Part 1 of a 2-part series focused on building chatbots. We show you how to use QnA Maker, PowerVA, Power Automate, and Flow to create a chatbot for a website.
Creating a ChatBot for your website is an excellent way for you to provide an interactive experience for your end users to help find the information they need. With some intuitive tools from Microsoft, it’s possible to have one up and running with no coding required. In this two-part tutorial, we will be going over start to finish on how to build an intelligent Chatbot that can answer FAQ questions, and how to embed it into a custom website. In part 1, we will go through building out the knowledge base we need to provide intelligence to our Chatbot, and in part 2 we will build out the actual Chatbot and publish it to a website.
Kiefer Consulting has built a Chatbot using both the Azure App Service and Service Virtual Agent. You can see the bot in the bottom right hand corner of the Kiefer website.
What you will need
- QnA Maker: To build the knowledge base for the bot
- Azure QnA Service: An Azure account to build out the service
Creating a Knowledge Base
The first step is to build out the guts of the ChatBot using QnA Maker. The intelligence of the bot is derived from a database of question and answer pairs that we will be feeding the bot from various websites or documents. To get started, head over to QnA Maker, sign-in, and select “Create a knowledge base.”
We will then go through the setup process step by step, starting with “Create a QnA Service.”

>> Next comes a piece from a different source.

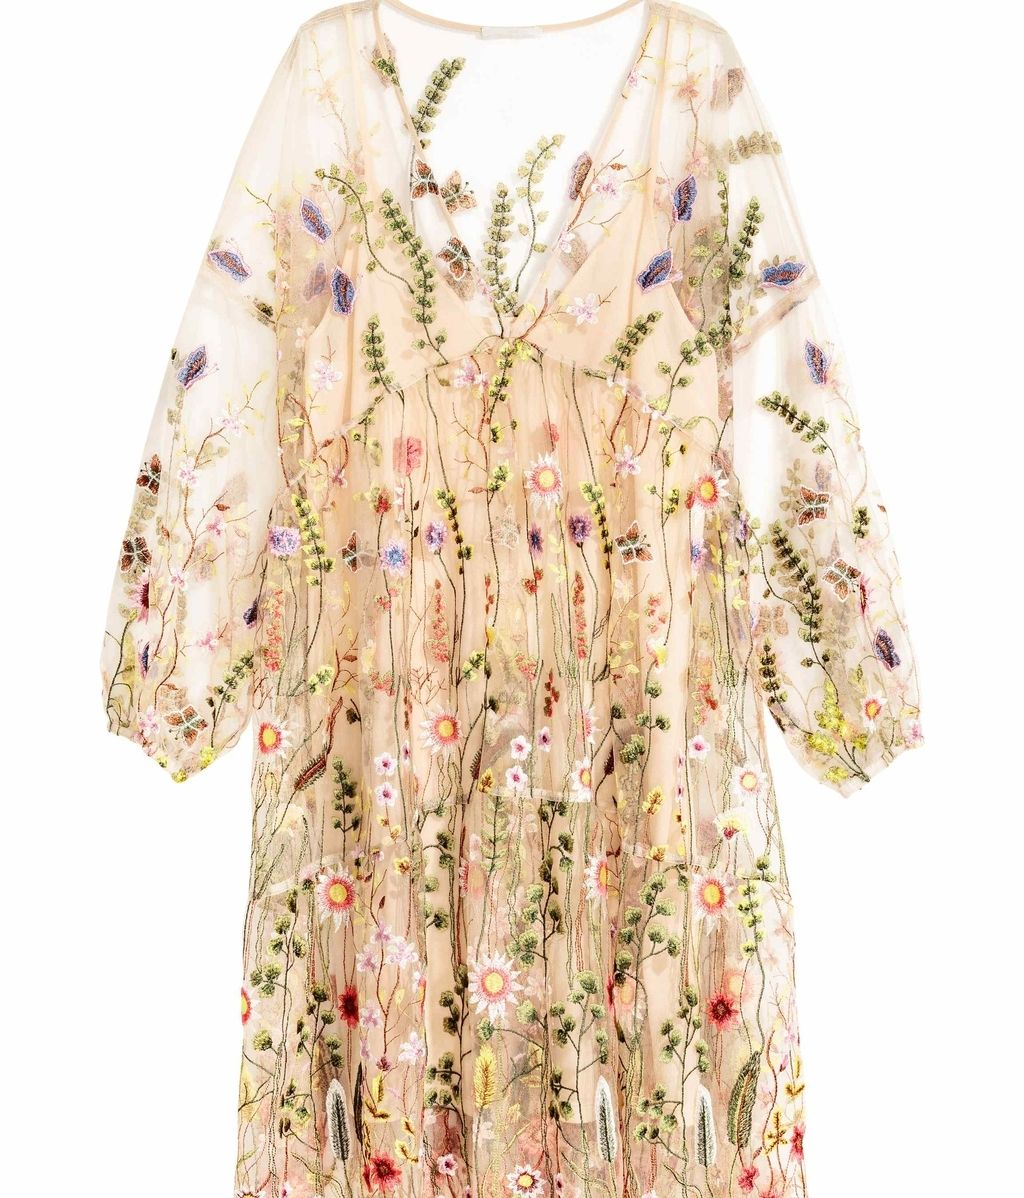 Vestido bordado de H&M

Selecting this will take you to Azure where you can create a new QnA Service to power your QnA Maker knowledge base. Go through the steps for selecting a resource group and name. For pricing tier, there is either the “Free F0” tier, or the “Standard S0” tier. If you will be feeding the bot knowledge from more than 3 documents, or if the documents over 1MB in size, you will need to choose the standard tier. For this tutorial, we will be using the free tier. Continuing on, select a Azure Search location near where your users will be and the “Free F” Azure Search pricing tier for now, as we can always scale up if needed. After finishing, click “Review + create”
After reviewing your information, click “Create” to build out the service.
After it’s complete, you can head back to QnA Maker and finish building out your knowledge base. Under “Step 2: Connect your QnA service to your KB”, you can now select your newly created QnA Service.
For Step 3, give your knowledge base a meaningful name. And in Step 4, we will populate our knowledge base. Here, you can power the knowledge base from a variety of different resources. For our example, we will use the URL for an FAQ page on our website that answers questions about Kiefer Consulting. But feel free to try out whatever you like, including documents. This is a powerful tool that can extract question and answer pairs in meaningful ways, plus you’ll still be to review and update them after. Under Chit-chat, you can add a persona for your chatbot to allow for small talk that can fit your companies style. We’ve chosen the “Professional” template.
The last step is to click “Create your KB”.
After a little bit, your knowledge base will be ready. You will see a list of Question and Answer pairs that was derived from what you selected earlier. You can also create, modify, or delete QnA pairs on this screen. Another nice feature is being able to “Test”.
This will open up a chat pain where you can try asking it various questions to see how it responds. Feel free to try out various questions. The questions don’t have to be an exact match either, as the tool will try to predict what the best answer will be. You can see the details by clicking “Inspect” on a question that you type.
From this pane, you can see more details on what the bot is thinking. There is a “Confidence score” that indicates how likely it thinks that it got an answer right. We will be using confidence scores and user feedback when we build out the actual chatbot in the next part to help make it better over time.
Once you’re done playing with it, select “Publish” at the top.
Then select the “Publish” button again to make this knowledge base accessible via an endpoint.
Now we will be able to access this knowledge base using an HTTP Post request with the given information.
You will need to take note of the following information for the next part of our tutorial: knowledge-base-ID, resource name, and endpoint-key.
We’ve walked through the steps of building out a knowledge base using QnA Maker. We created a QnA Service in Azure, fed our knowledge base FAQs through a URL (or documents), tested the KB while viewing confidence scores, and published the KB to make it accessible.
In part 2 of this tutorial, we will go over how we can build out an interactive ChatBot using PowerVA that will utilize the knowledge base we’ve just created here., and how we can publish it to your website.